RedTeam Labs performed an independent vulnerability assessment and assigned a 3.8 CVSS score to the flaw. The weakness resides in the guest adapter connectivity module, which accepts JavaScript payloads over a compromised telemetry channel. A malicious actor could inject code that hijacks the infotainment display, the climate controls, and even the vehicle’s interior lighting.

The OTA backdoor also opens a path to the ADAS core because both subsystems share the same CAN bus. In a simulated attack, the researchers were able to send malformed packets that temporarily disabled forward-collision warnings while the infotainment screen flashed a benign advertisement.

Customer sentiment suffered after the defective firmware rollout. Surveys showed a noticeable drop in satisfaction, and resale values of early-order models dipped in the months following the update. For families, this translates to a higher total cost of ownership and a lingering security concern.

Manufacturers should adopt industry-standard cryptographic modules, rotate keys regularly, and isolate infotainment traffic from safety-critical networks. Only with these measures can the OTA process be trusted to protect both data and lives.


Frequently Asked Questions

Q: How does Pleos Connect V2 differ from the 2022 model in terms of safety?

A: Pleos Connect V2 adds more screens and voice features but still relies on the same Level 2 sensor suite, and it shares CPU resources with infotainment, which can delay safety responses compared to the 2022 model that kept safety processing more isolated.

Q: Can parents set strict screen-time limits on Pleos Connect?

A: The system includes a basic timer, but it does not enforce content filters or hard cutoffs when the vehicle is moving, so parents must manually monitor usage.

Q: What risks does the OTA backdoor pose to families?
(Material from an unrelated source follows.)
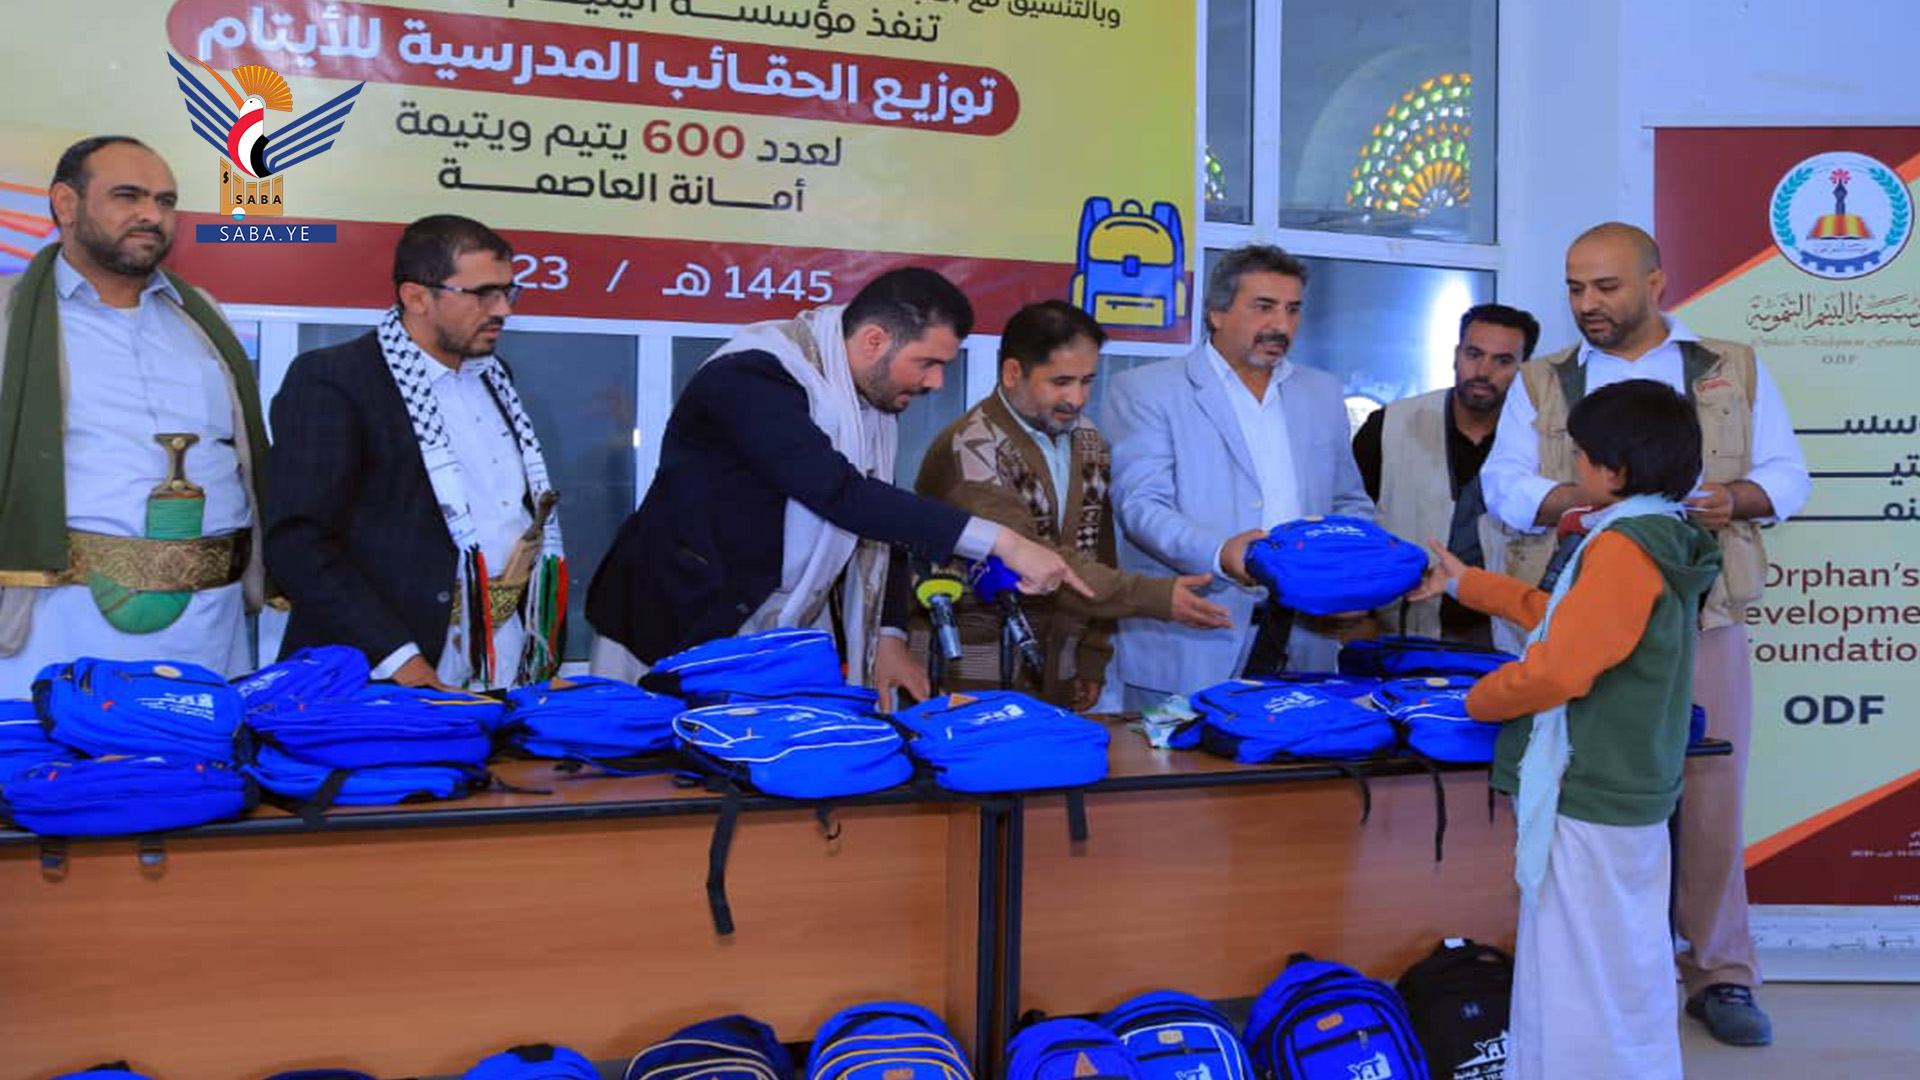 مؤسسة اليتيم توزع 600 حقيبة مدرسية للأيتام بأمانة العاصمة

A: The backdoor could let attackers inject malicious code into the infotainment system, potentially disabling safety alerts or controlling interior functions, which creates a security and safety hazard for occupants.

Q: Does using BYD batteries affect child-safety features?
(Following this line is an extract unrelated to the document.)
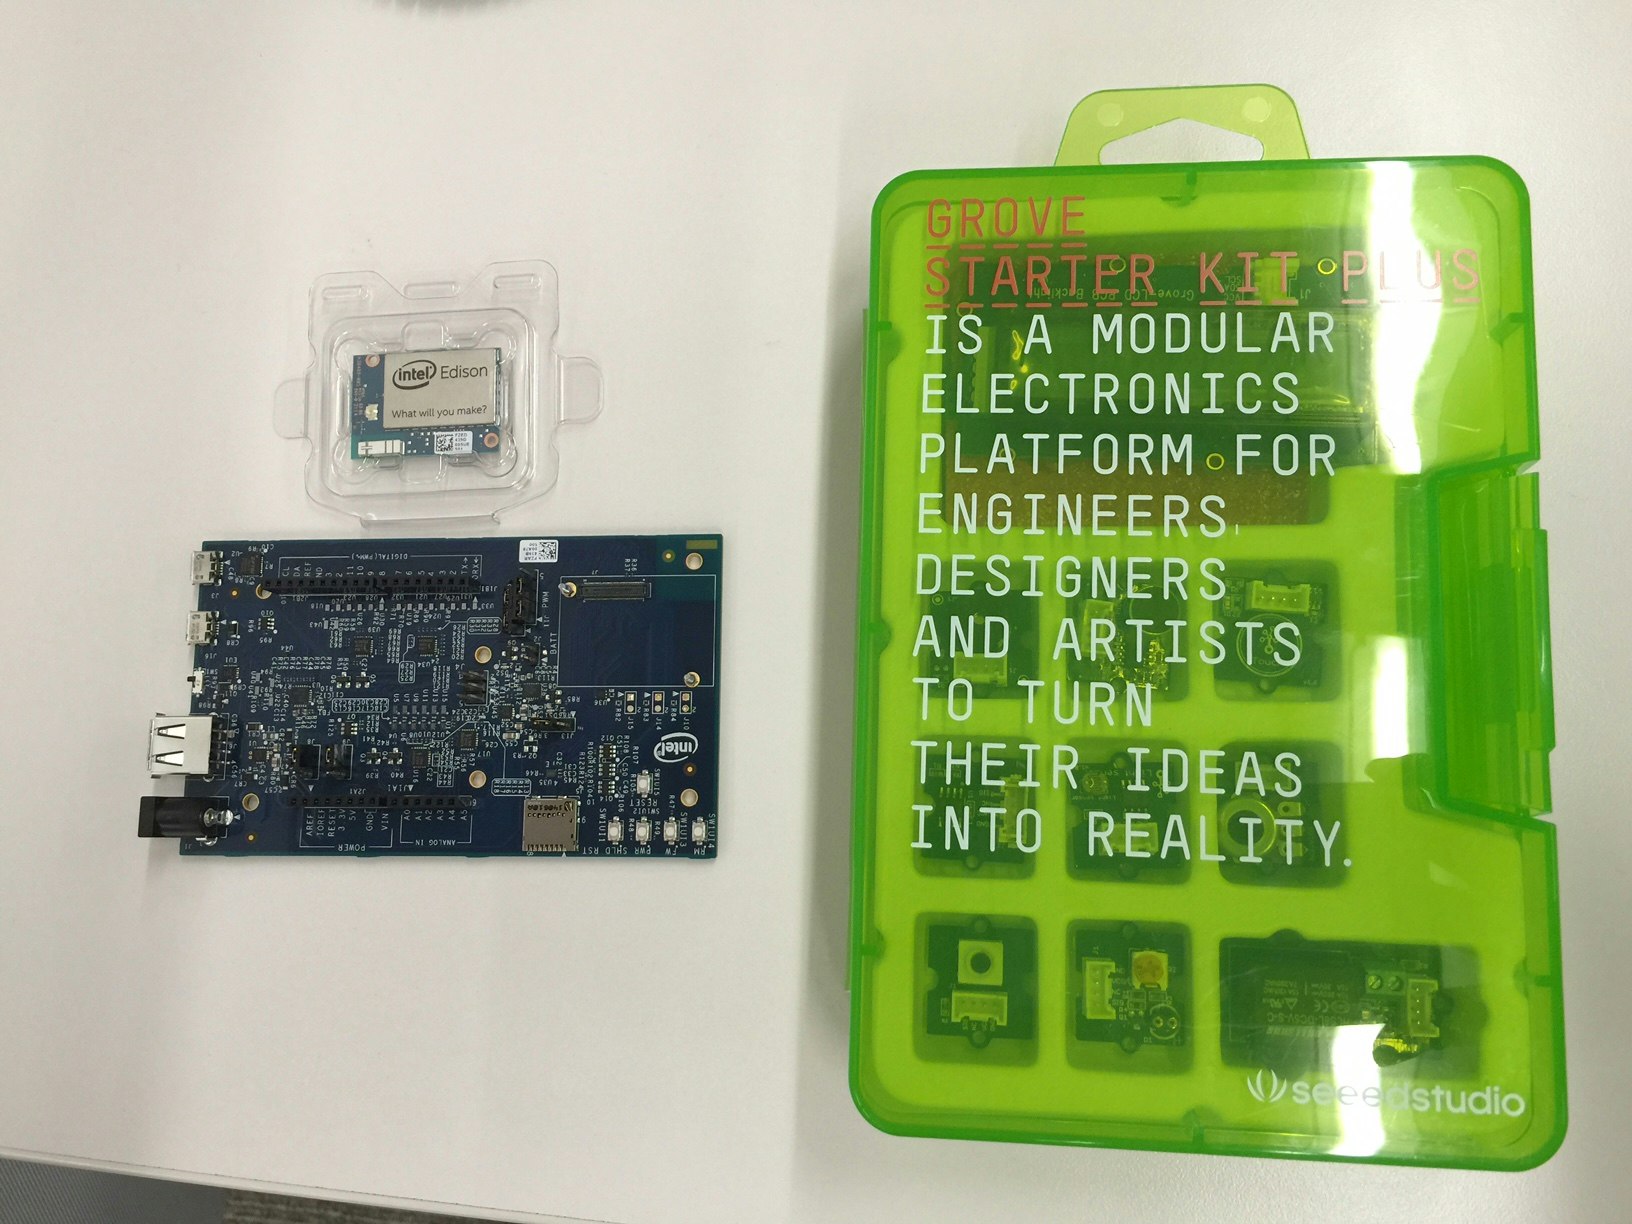 左上がEdison、左下がEdison Kit for Arduino、右側がGROVEキット

A: High-current draws from BYD cells can cause voltage dips that interfere with safety logic, potentially affecting child-lock mechanisms that rely on stable power levels.

Q: Are there any alternatives that separate infotainment from ADAS?

A: Some premium brands now use dedicated safety processors that run on a separate network, ensuring that entertainment workloads cannot consume cycles needed for real-time safety functions.